* _What is being asked_
Print the listing in its entirety and exactly, leaving out images.

-- Supplied data follows --

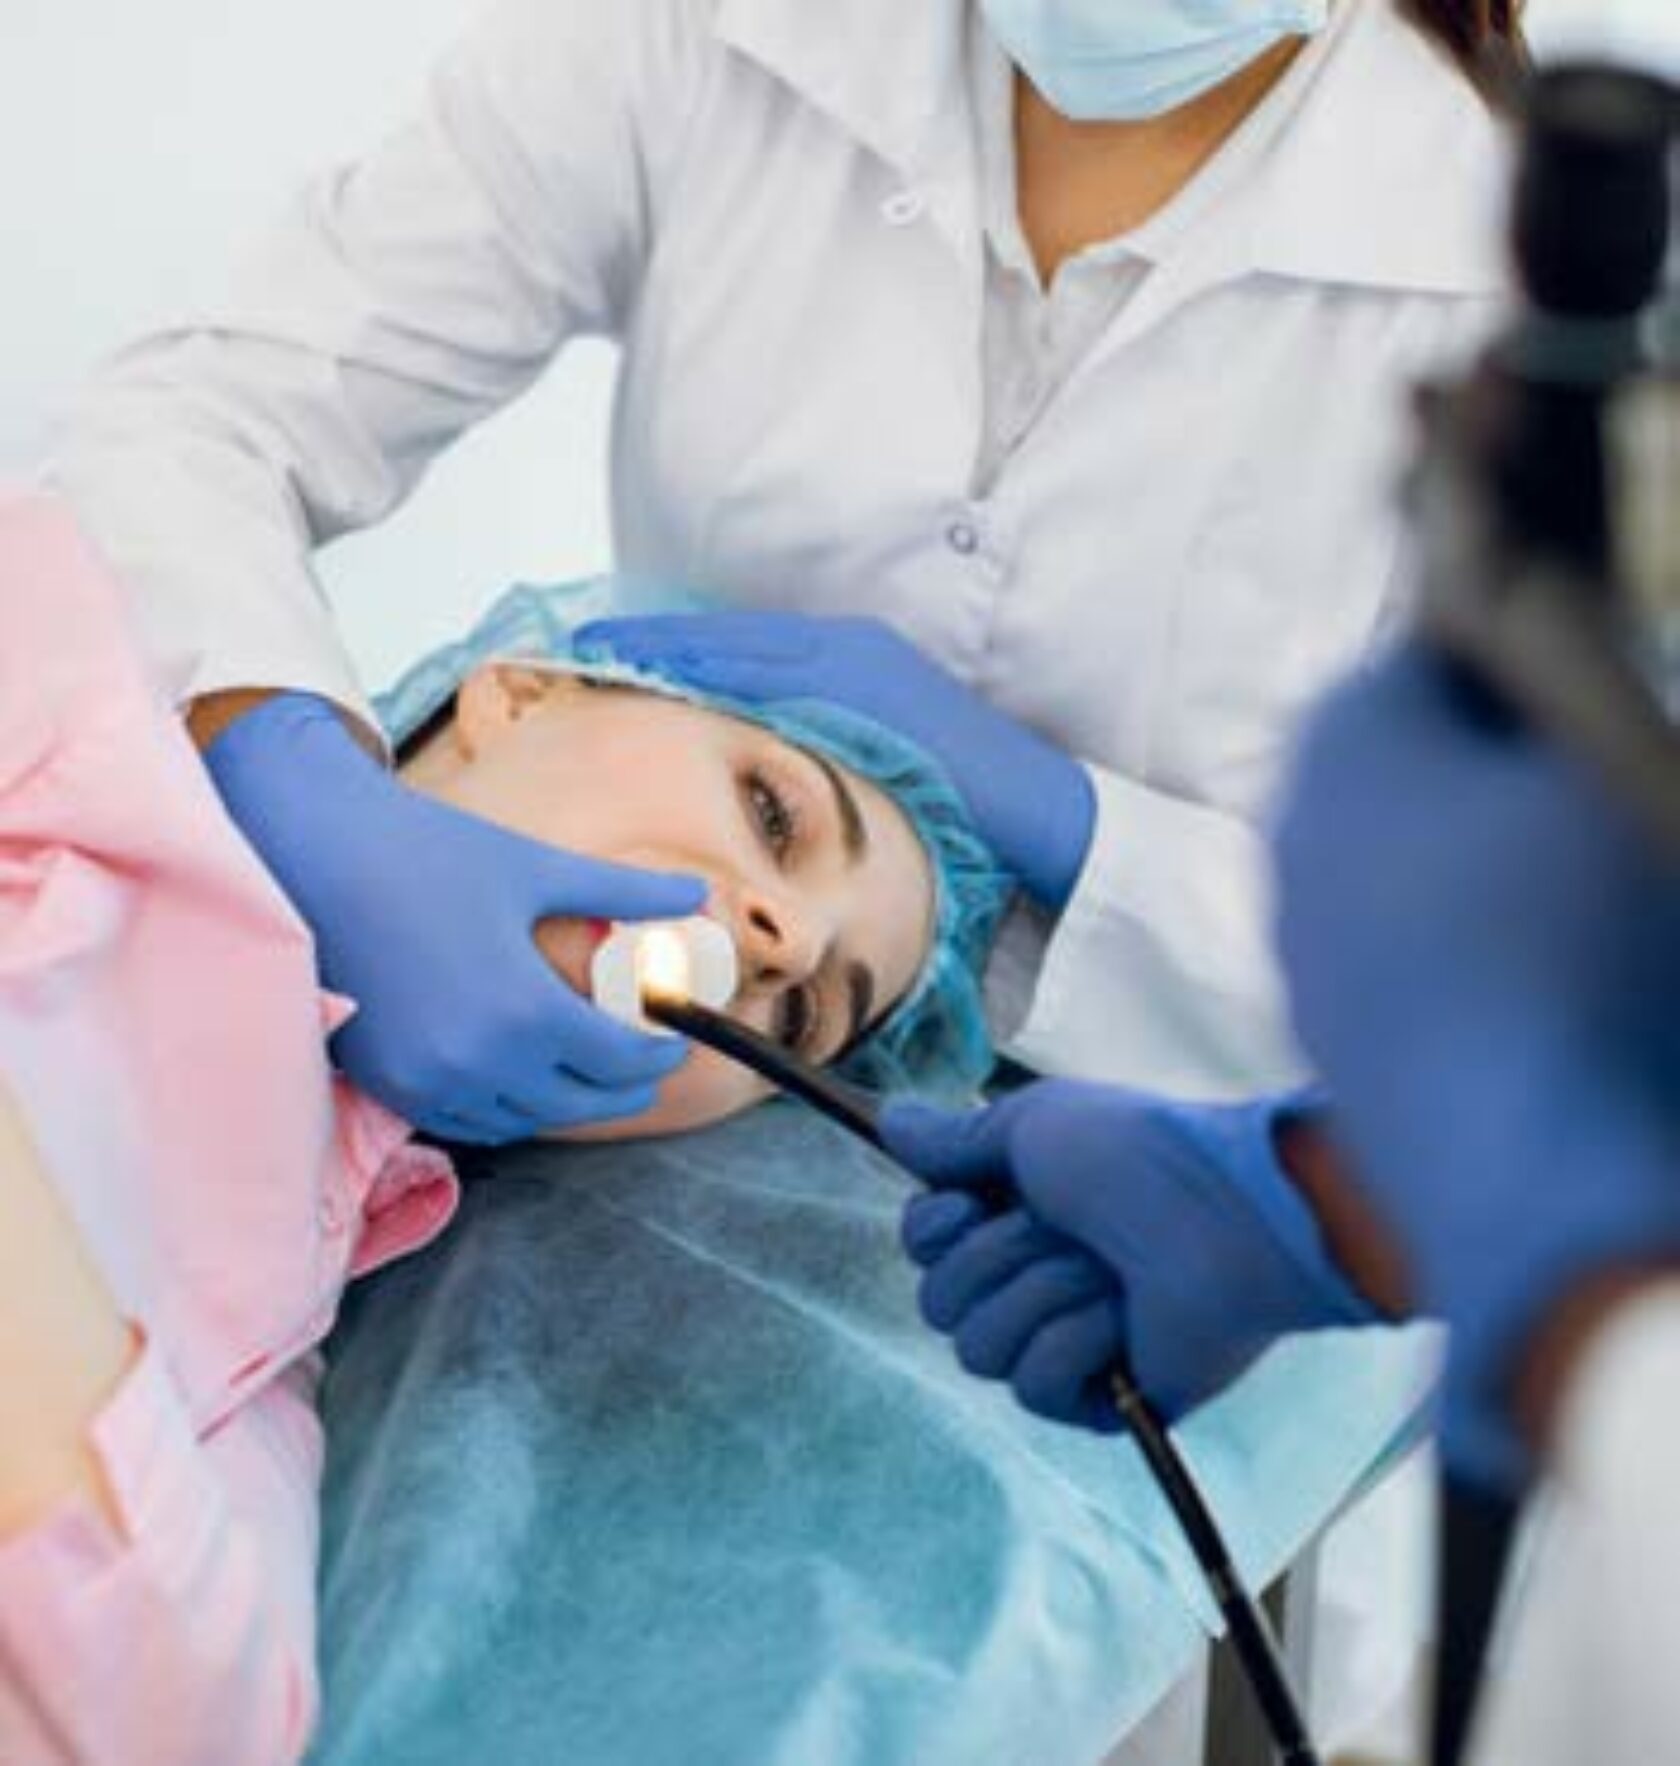 Patientin erhält eine endoskopische Untersuchung des oberen Verdauungstrakts.
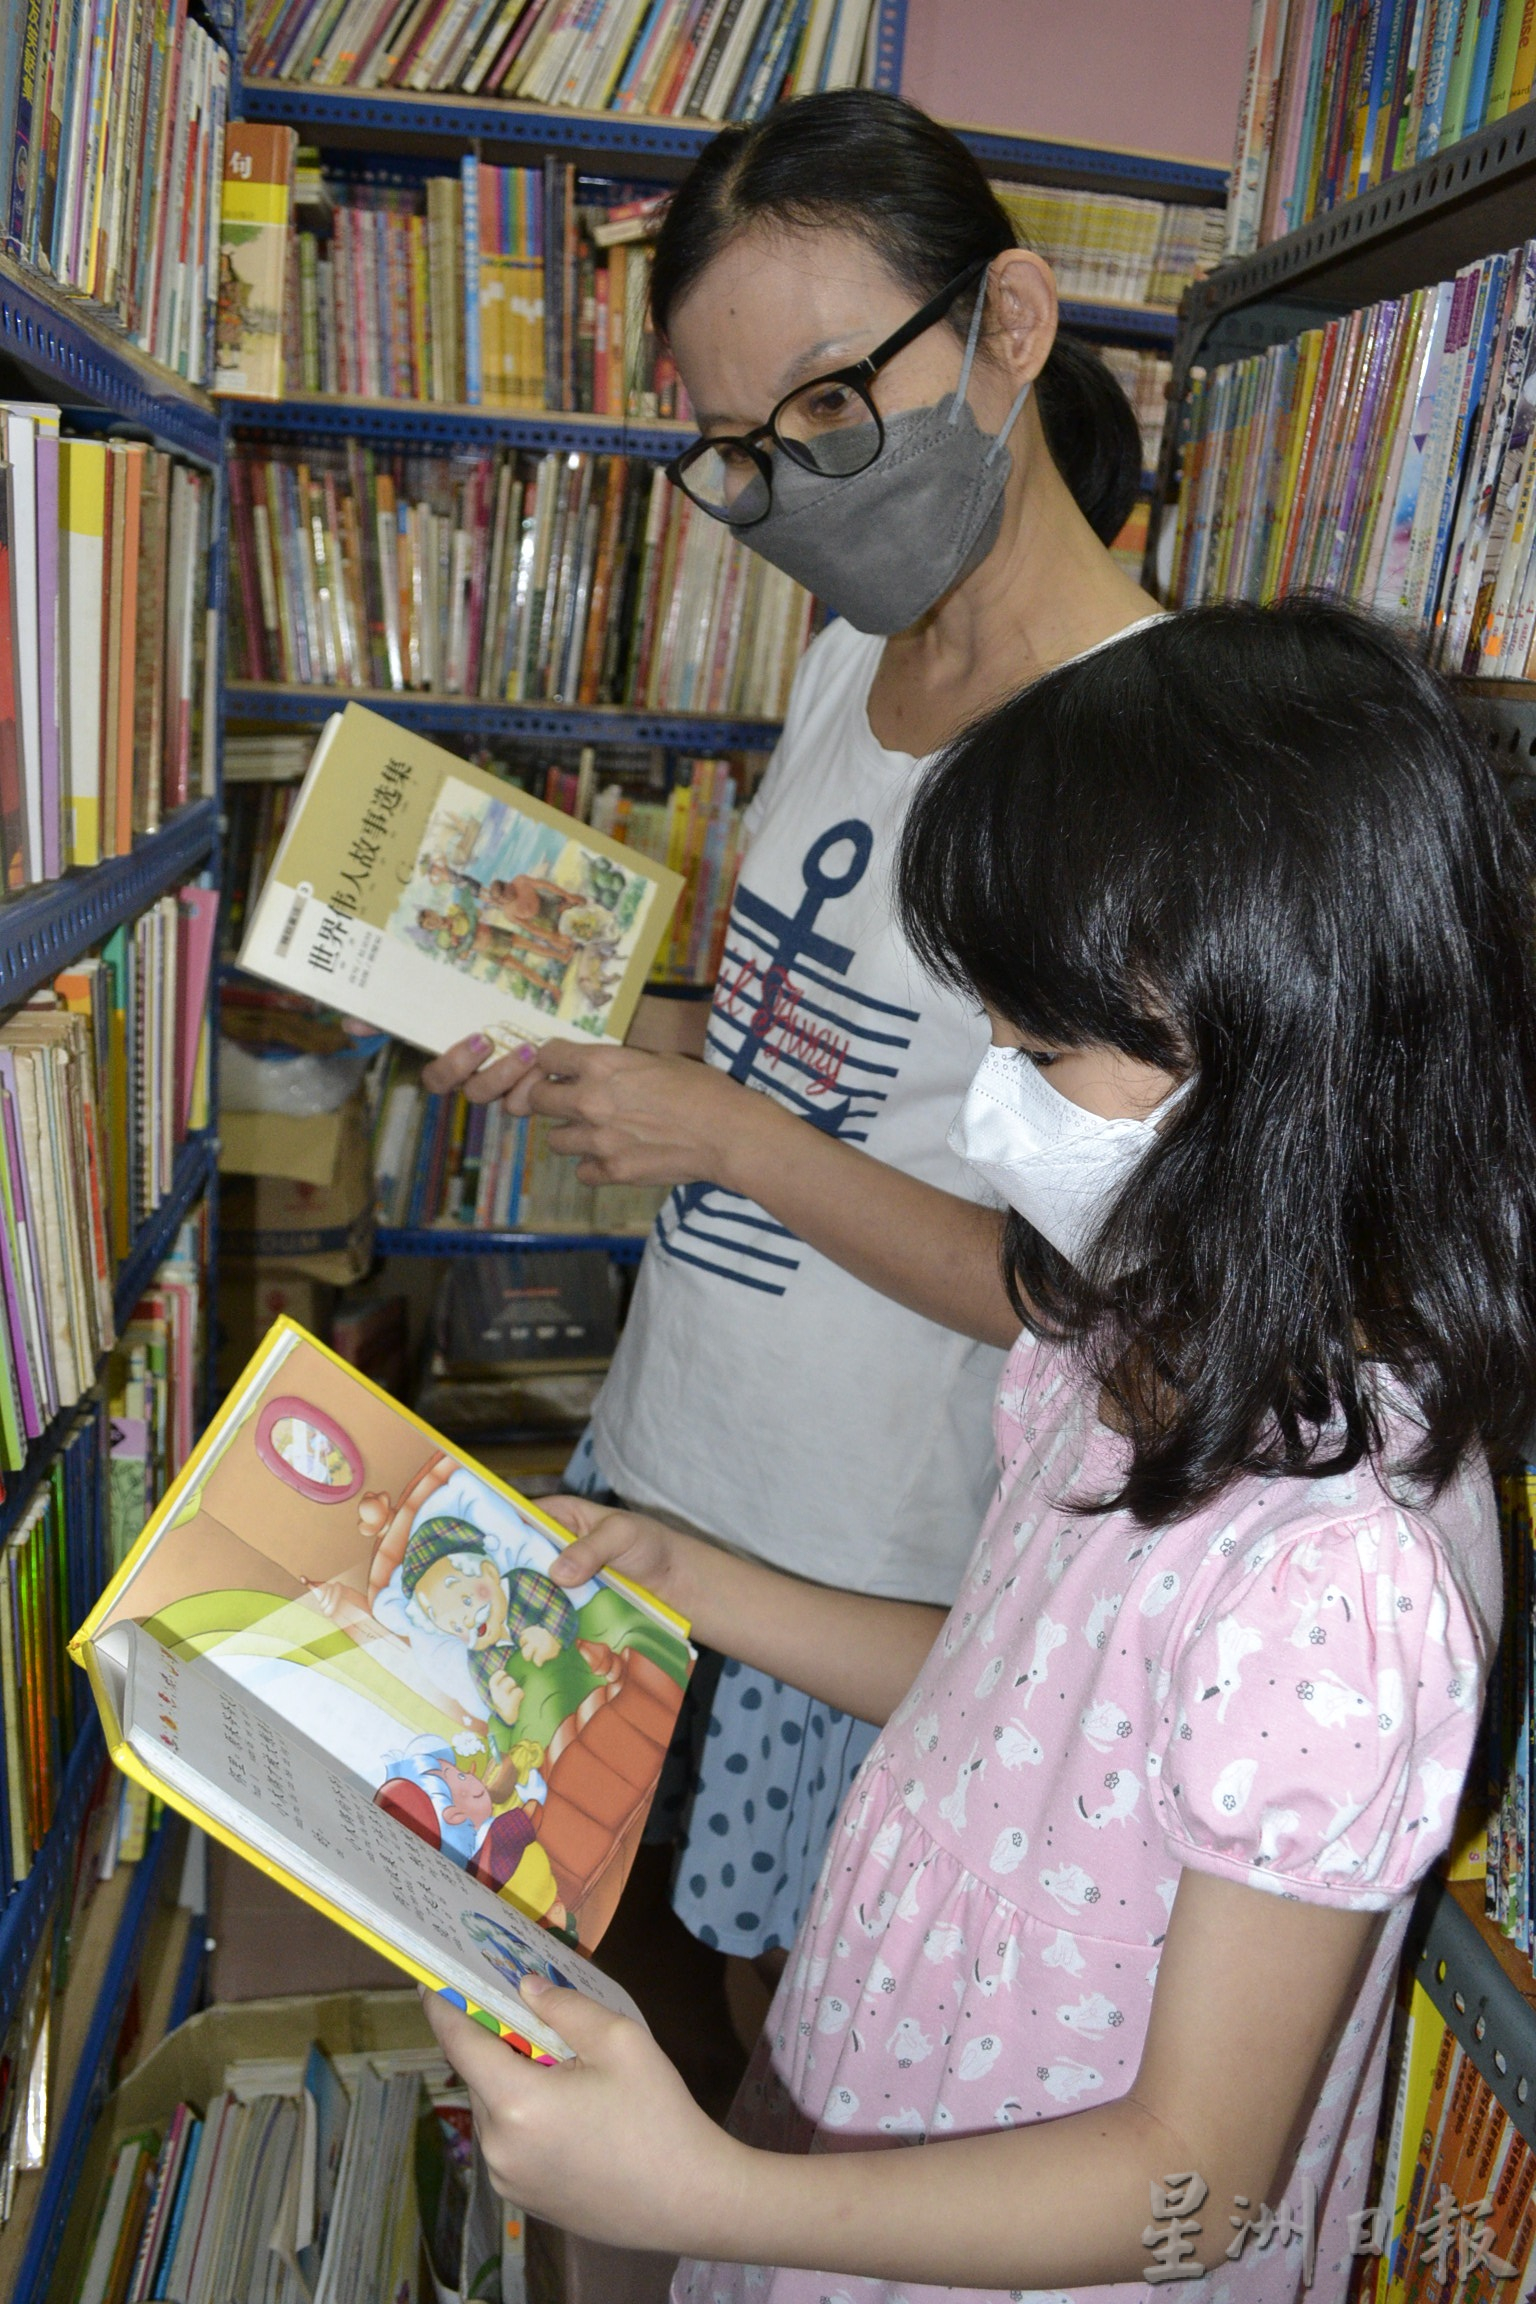 （大北马）天竹坊二手书店提供社区一个方便租借各种书籍提升阅读风气
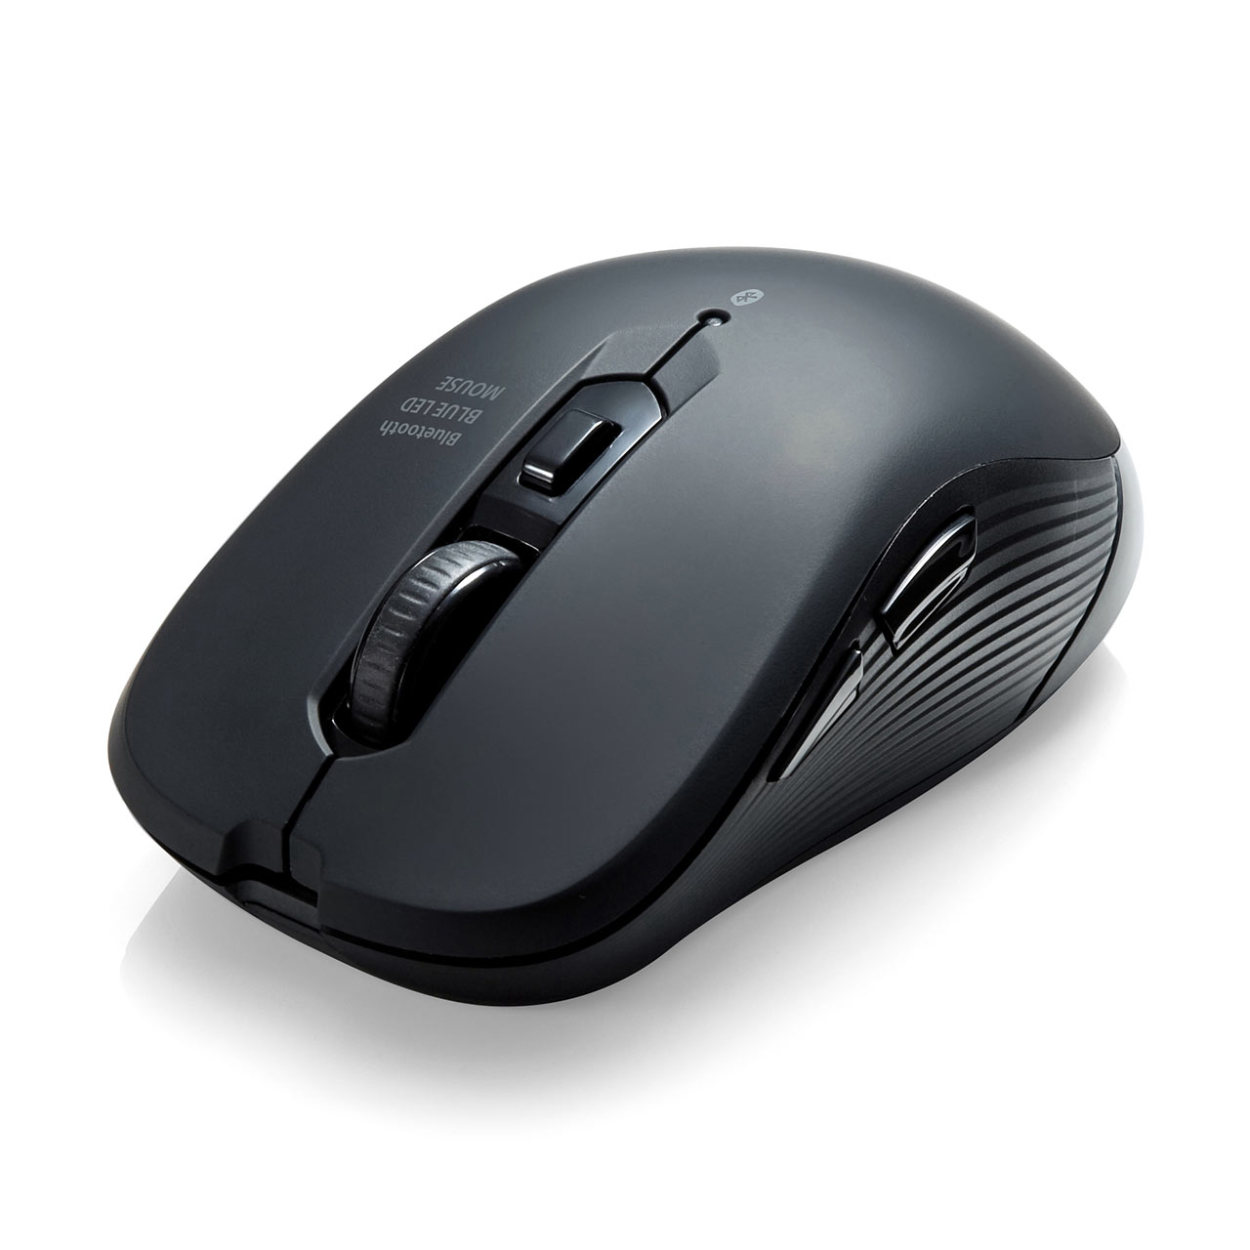 マウス Bluetoothマウス ワイヤレスマウス ブルーLEDセンサー 無線 5ボタン カウント切り替え iPadOS対応 400-MABT158

-- Supplied data concluded --

* _Answer_
 Patientin erhält eine endoskopische Untersuchung des oberen Verdauungstrakts.
 （大北马）天竹坊二手书店提供社区一个方便租借各种书籍提升阅读风气
 マウス Bluetoothマウス ワイヤレスマウス ブルーLEDセンサー 無線 5ボタン カウント切り替え iPadOS対応 400-MABT158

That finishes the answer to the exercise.